Already, 2.6 million Kenyans are food insecure and experts warn that the situation could get worse.
Yesterday, the National Drought Management Authority acknowledged the challenge during this year's Intergovernmental Authority on Development(Igad) resilience share meeting.
NDMA is mandated to establish mechanisms which ensure that drought does not result in emergencies and that the impacts of climate change are sufficiently mitigated.
Its director of technical services, Orre Sunya, said vulnerability to climate shocks remained one of the biggest threats to pastoralists.
"Some 600,000 are malnourished," Sunya said.
Sunya, who represented James Oduor, said the country and donors had put mitigating systems in place.
"The impact of malnutrition in development is known," he said in reference to the malnourished.
The talks were attended by Djibouti, Ethiopia, Eritrea, Kenya, Somalia, Sudan, South Sudan and Uganda.
Kenya hosts over 470,000 refugees and asylum seekers, 257,000 of them from Somalia, 115,000 from South Sudan, 41,000 from the DRC and 28,000 from Ethiopia.
Forty-four per cent lives in the Dadaab refugee camp, Garissa, and 40 per cent in Kakuma camp, Turkana.

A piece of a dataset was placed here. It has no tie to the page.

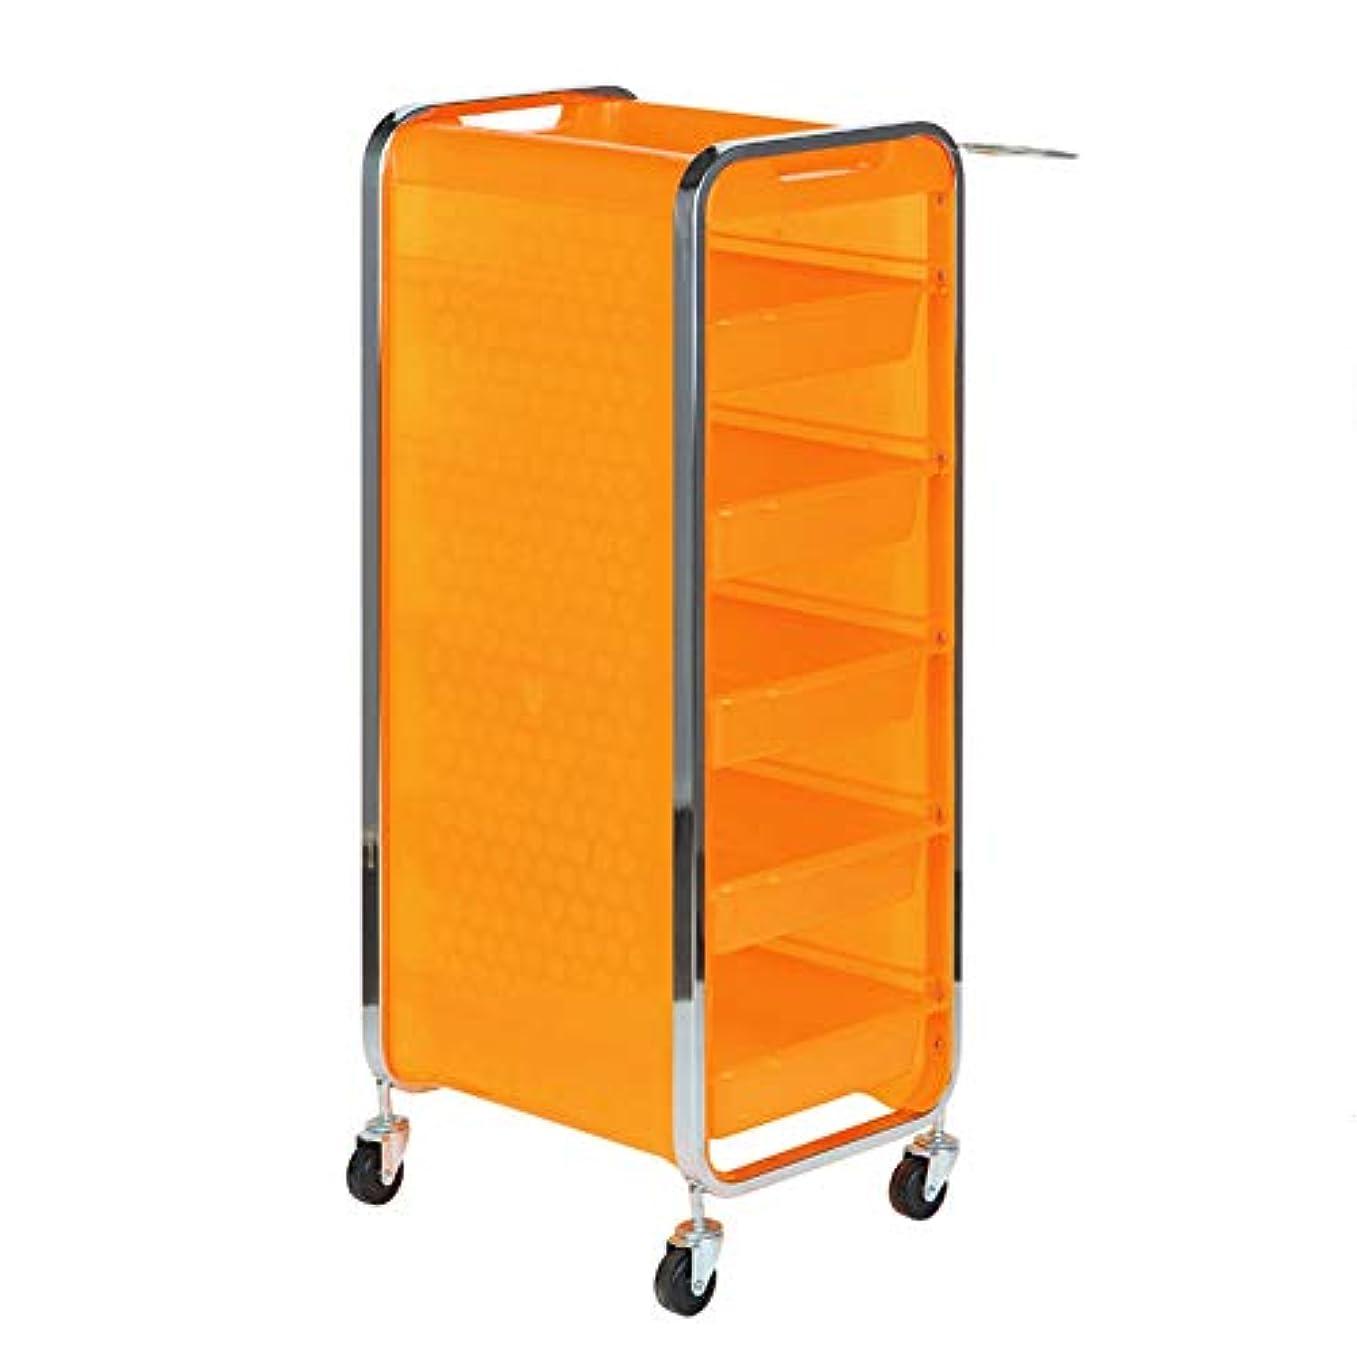 対話潤滑する世界の窓サロン美容院トロリー美容美容収納カート6層トレイ多機能引き出し虹色,Orange,A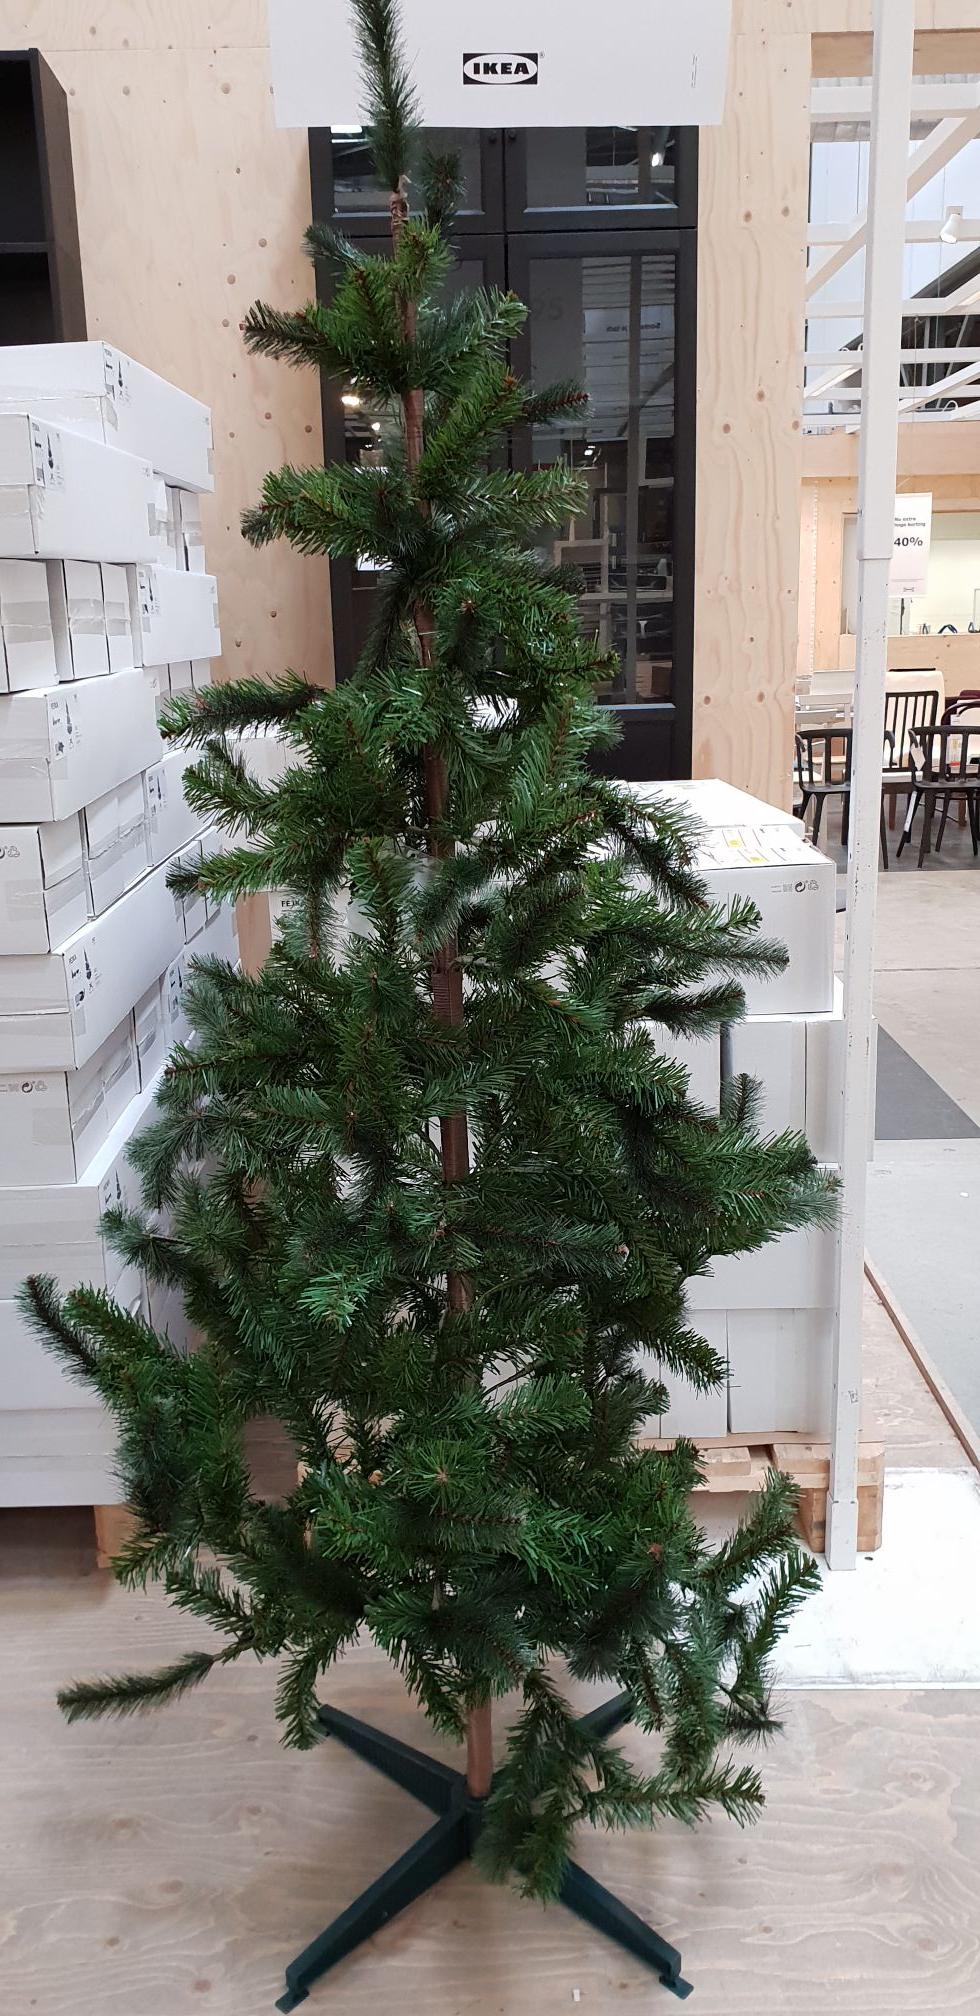 [Lokal / Grenzgänger] IKEA Hengelo (Niederlande] - FEJKA künstlicher Weihnachtsbaum - 180cm für 5 Euro oder 150cm für 2,50 Euro

Access to basic necessities including food, shelter, water and sanitation in camps is often precarious. The refugees depend on humanitarian food assistance.
Pastoralists move to other countries in search of water and pasture, often leading to conflicts.
The worst affected counties are Baringo, Garissa, Isiolo, Marsabit, Tana River, Turkana and Wajir.
Famine Early Warning Systems Network has predicted worsening drought, severe hunger and crop failures of up to 30 per cent in parts of the region in the coming months.
Families will be unable to cope due to deteriorating conditions.
Igad's drought resilience and sustainable livelihoods project monitoring and evaluation expert Hillary Ng'eno said several projects in arid and semi-arid areas had been rolled out.
They include a Sh5.4 billion project funded jointly by government and African Development Fund. It targets Turkana, West Pokot, Baringo, Samburu, Isiolo and Marsabit.
"We have built 112 water structures and we currently have two irrigation schemes-one in Marsabit for fodder and another one in Baringo for horticulture," Ng'eno said.
The projects have reduced conflicts, he said.